This injustices-of-incarceration love story, based on a 2015 documentary, begins with a welcome jolt: a burly guard walks on to the dimly lit stage to announce forcefully the rules of Death Row: no cell phone use during the performance, no late seating, no unwrapping candies. It gets a laugh even if the audience remains less compliant than the inmates.
The Fear of 13 takes a while to get going with a surprisingly musical cast assuming multiple roles as various members of the criminal justice system, types we've all met before under conditions we'd mostly prefer to ignore whether or not we oppose the death penalty. Nick Yarris wasn't allowed to speak for years in a Pennsylvania maximum security prison; he's resigned to his fate until Jacki Miles, a naive volunteer who writes poetry, begins her visits. A spark between them ignites early, when Nick makes an allusion to David Copperfield which turns out later to have been a "move"; Jacki gently points out that he's actually referring to A Catcher in the Rye. Their relationship builds slowly--so slowly that I must have drifted off during the discussion of Nick's vocabulary, absorbed from the thousand books he's read in the prison library--which accounts for the play's title and tragic vibe.
Tessa Thompson seems perfectly cast from the outset--who wouldn't fall in love with a woman as beautiful, smart and kind as she?--but it took a while for Adrien Brody's performance to accumulate power as a man whose only reason to live has been snatched away by mutual, mature consent. During the final 30 minutes, he floods the stage with restrained emotion while unlocking a childhood memory that shows how unlucky he has been from the very beginning. When it rains, it pours.
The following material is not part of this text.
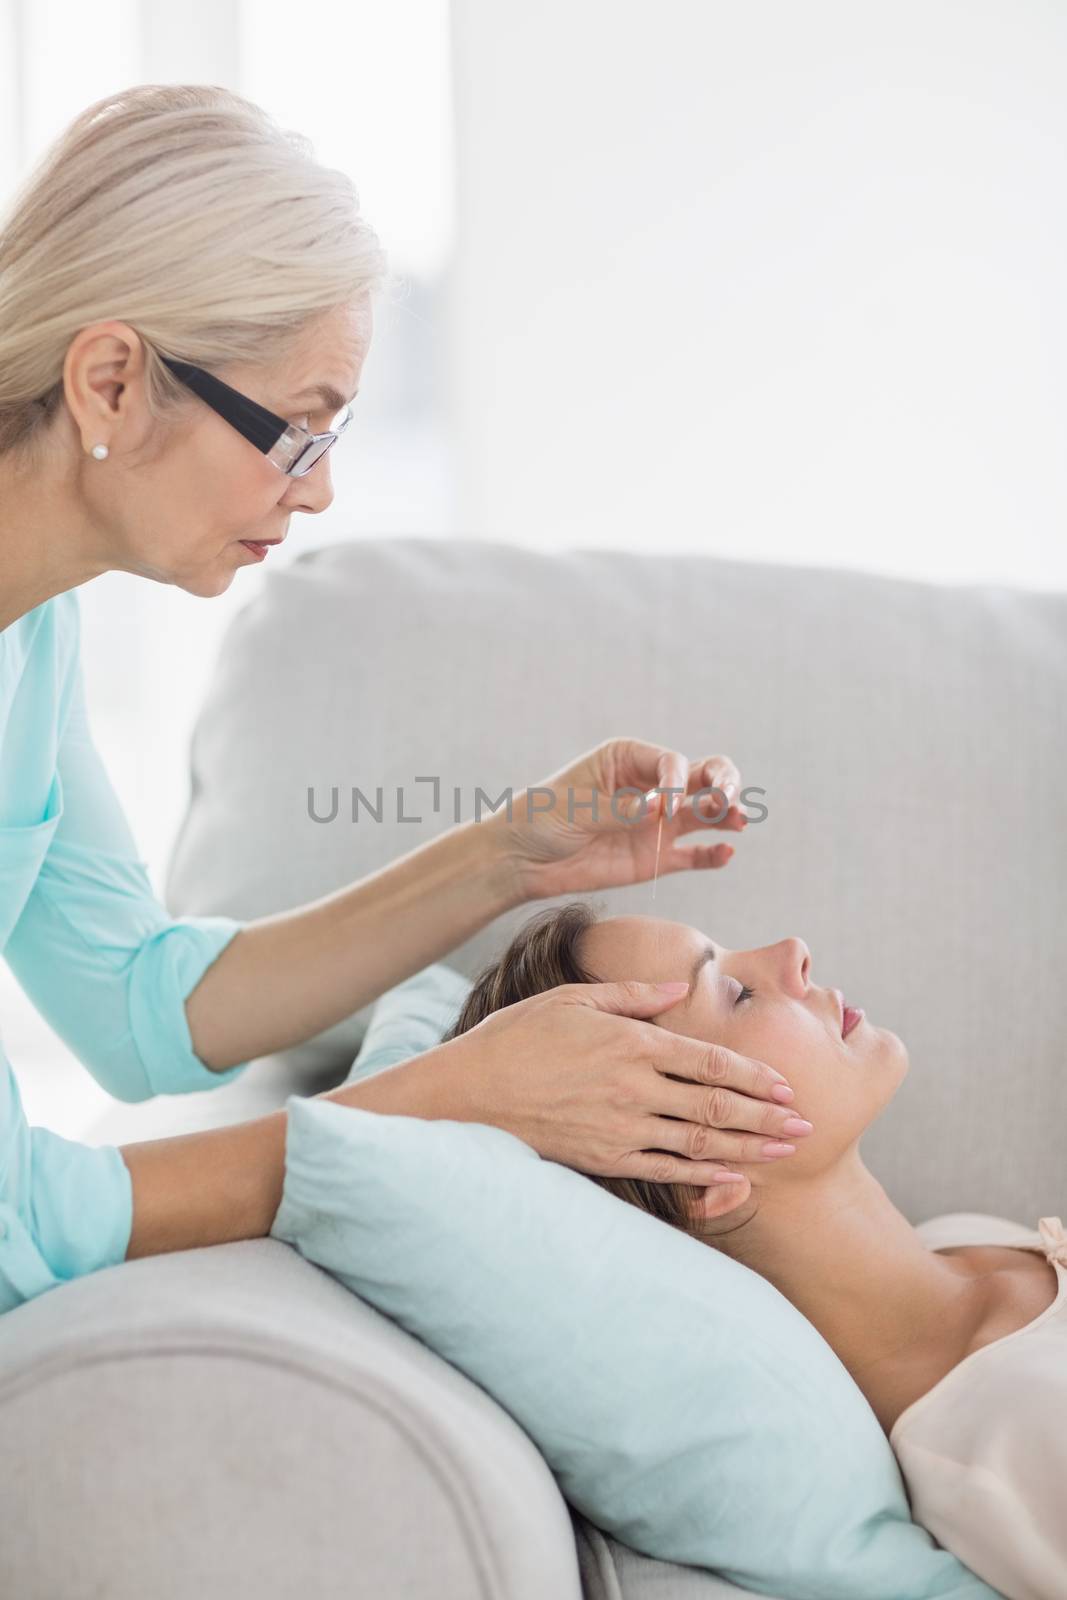 Woman receiving acupuncture treatment by Wavebreakmedia

Only a bias against garrulous movie stars can explain Brody's Tony snub.
Kudos to playwright Lindsey Ferrentino for mining the dramatic potential of David Sington's political advocacy (the ceaseless, casual cruelty of corrections personnel and the capriciousness of judges are especially rich veins); to director David Kromer for building to an unforgettably devastating crescendo; and to Heather Gilbert, who illuminates the play's subsuming darkness with pinpoints of hopeful light.